| DATA FOR THE TASK |

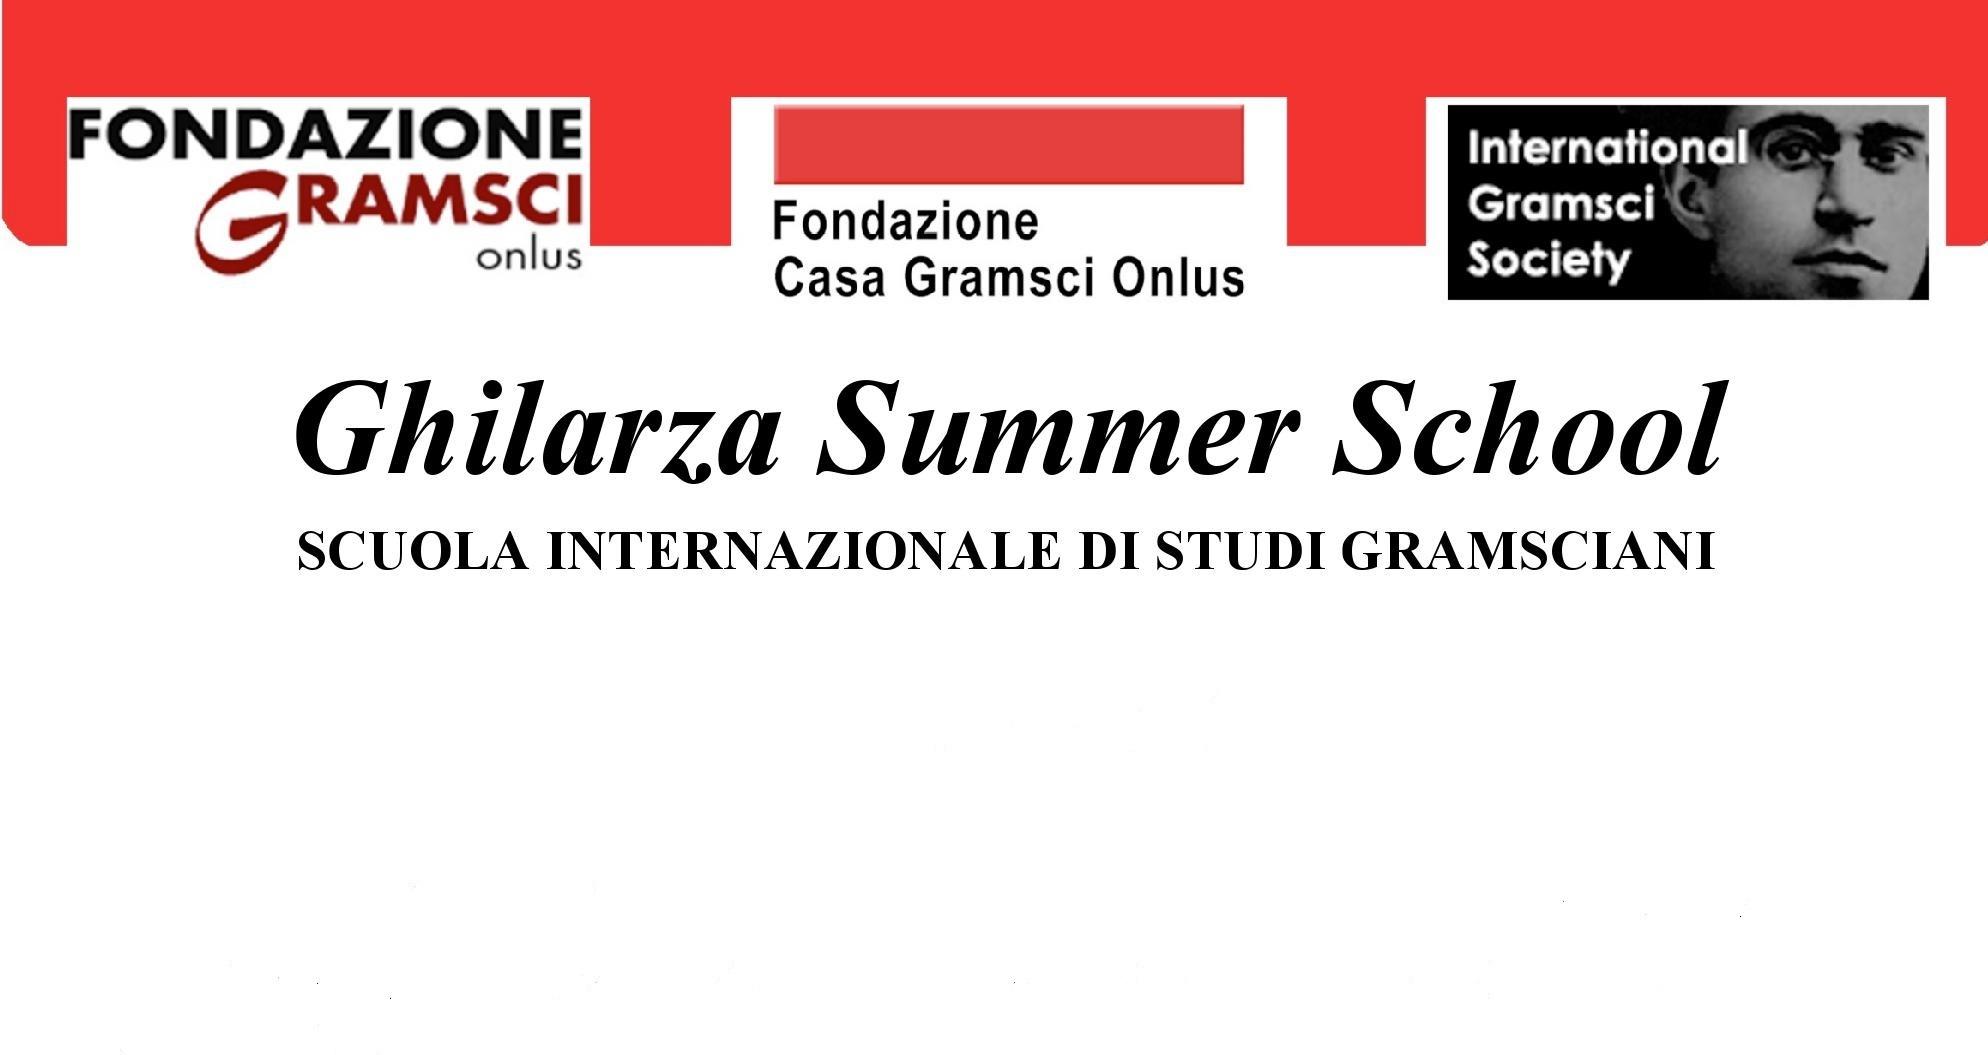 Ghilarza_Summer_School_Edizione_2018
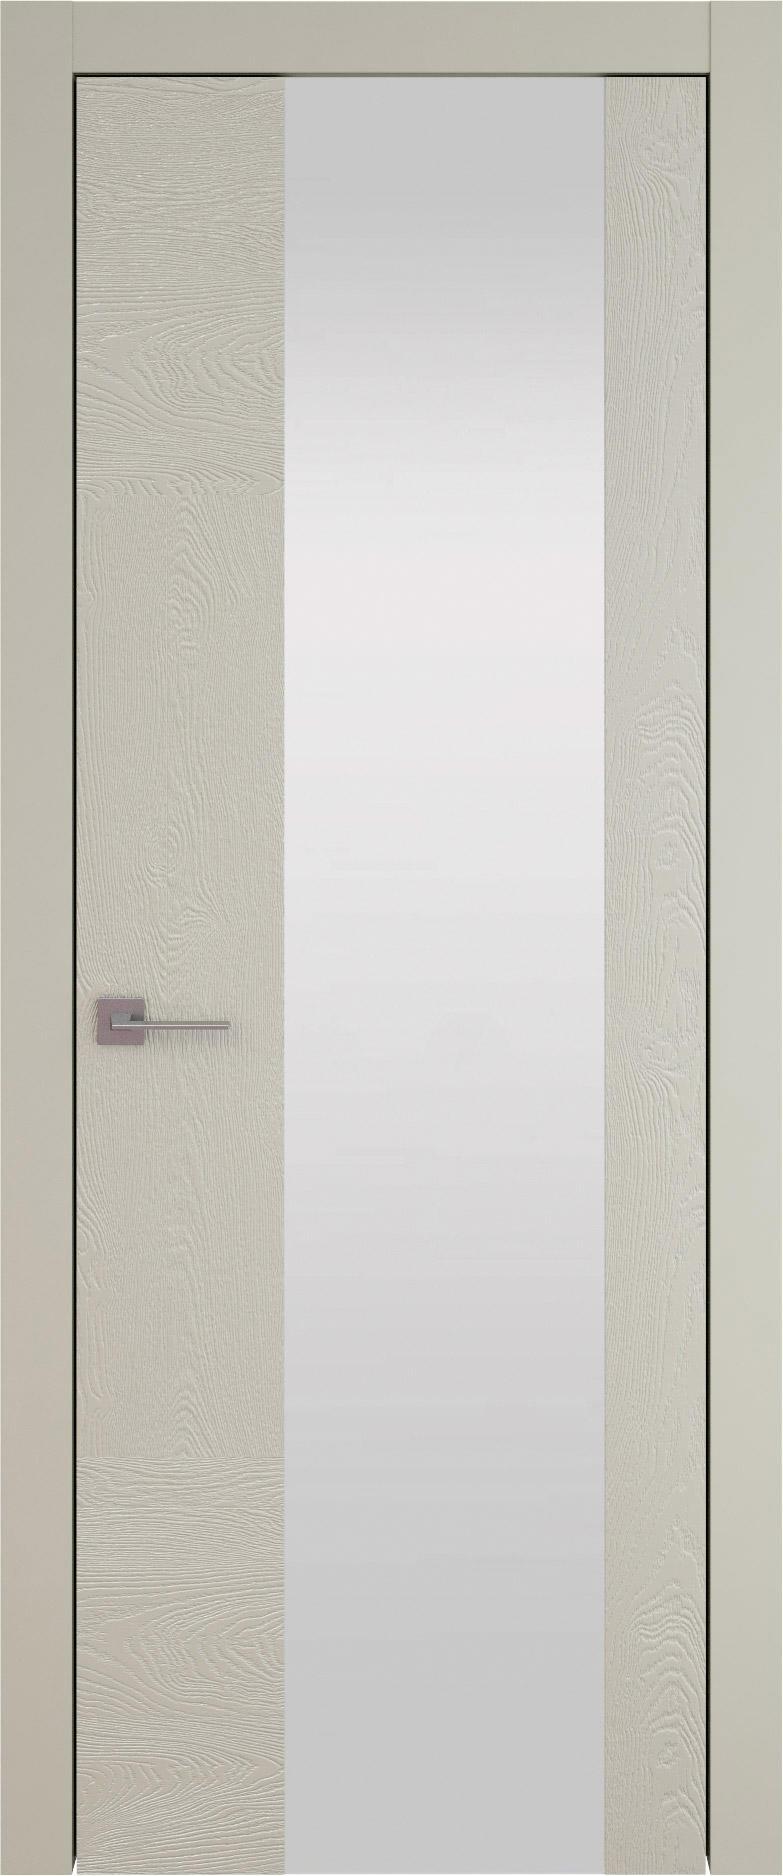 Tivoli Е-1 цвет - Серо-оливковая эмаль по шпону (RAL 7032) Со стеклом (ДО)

==

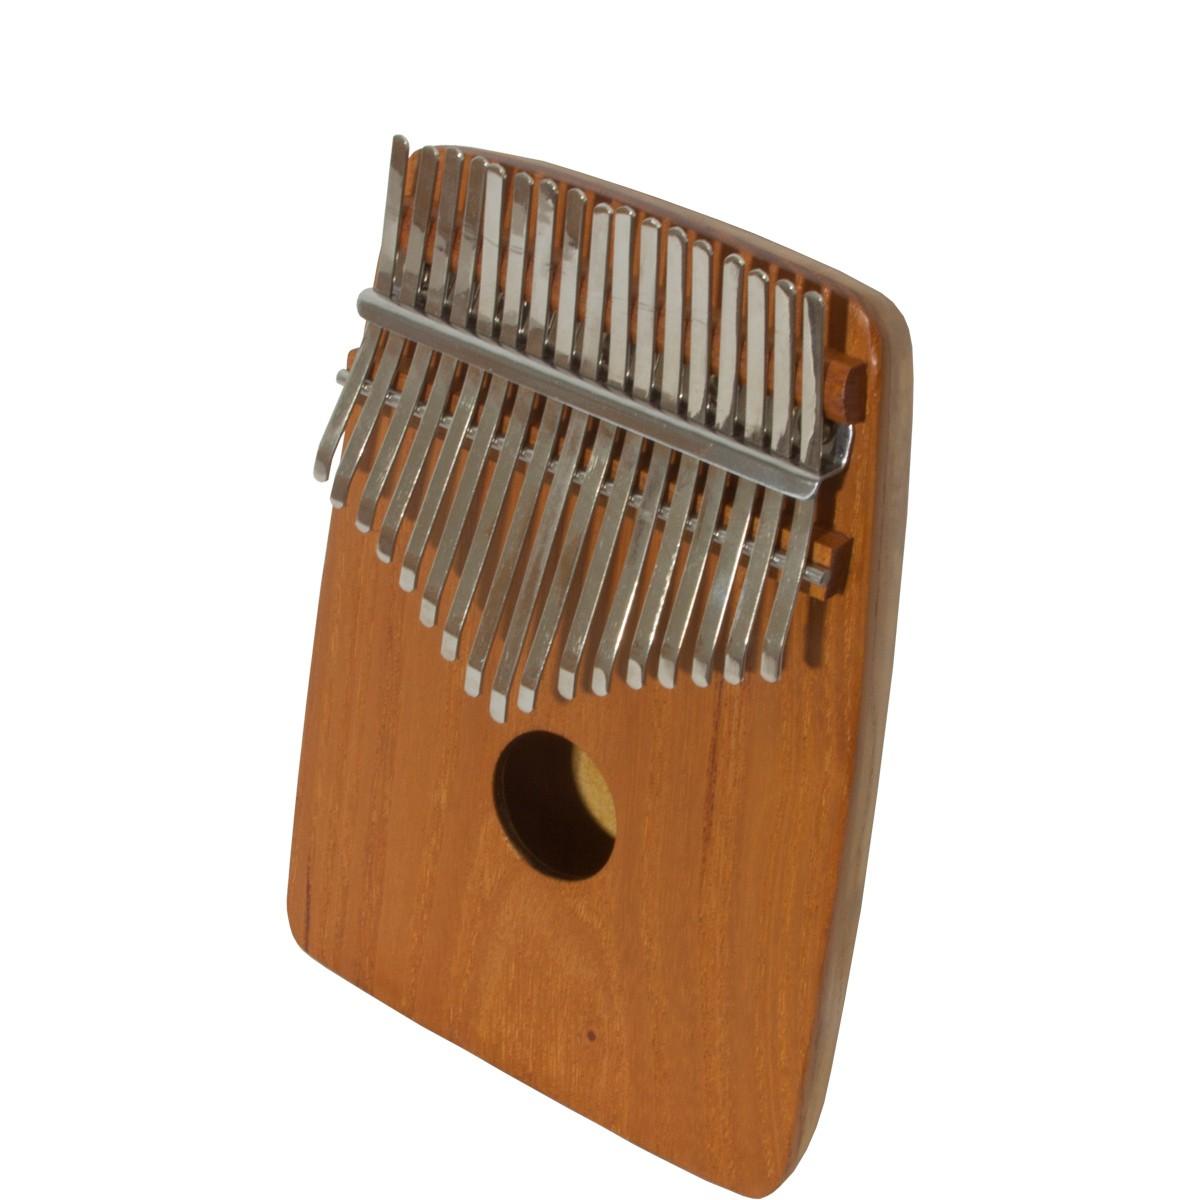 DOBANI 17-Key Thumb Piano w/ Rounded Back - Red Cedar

| GOAL OF THE EXERCISE |
Return word for word the lines of the listing above, starting at the line with "Ghilarza_Summer_School_Edizione_2018" and ending at the line with "Tivoli Е-1 цвет", both included. Pictures do not belong in the copy.

| WRITTEN REPLY |
 Ghilarza_Summer_School_Edizione_2018
 Tivoli Е-1 цвет - Серо-оливковая эмаль по шпону (RAL 7032) Со стеклом (ДО)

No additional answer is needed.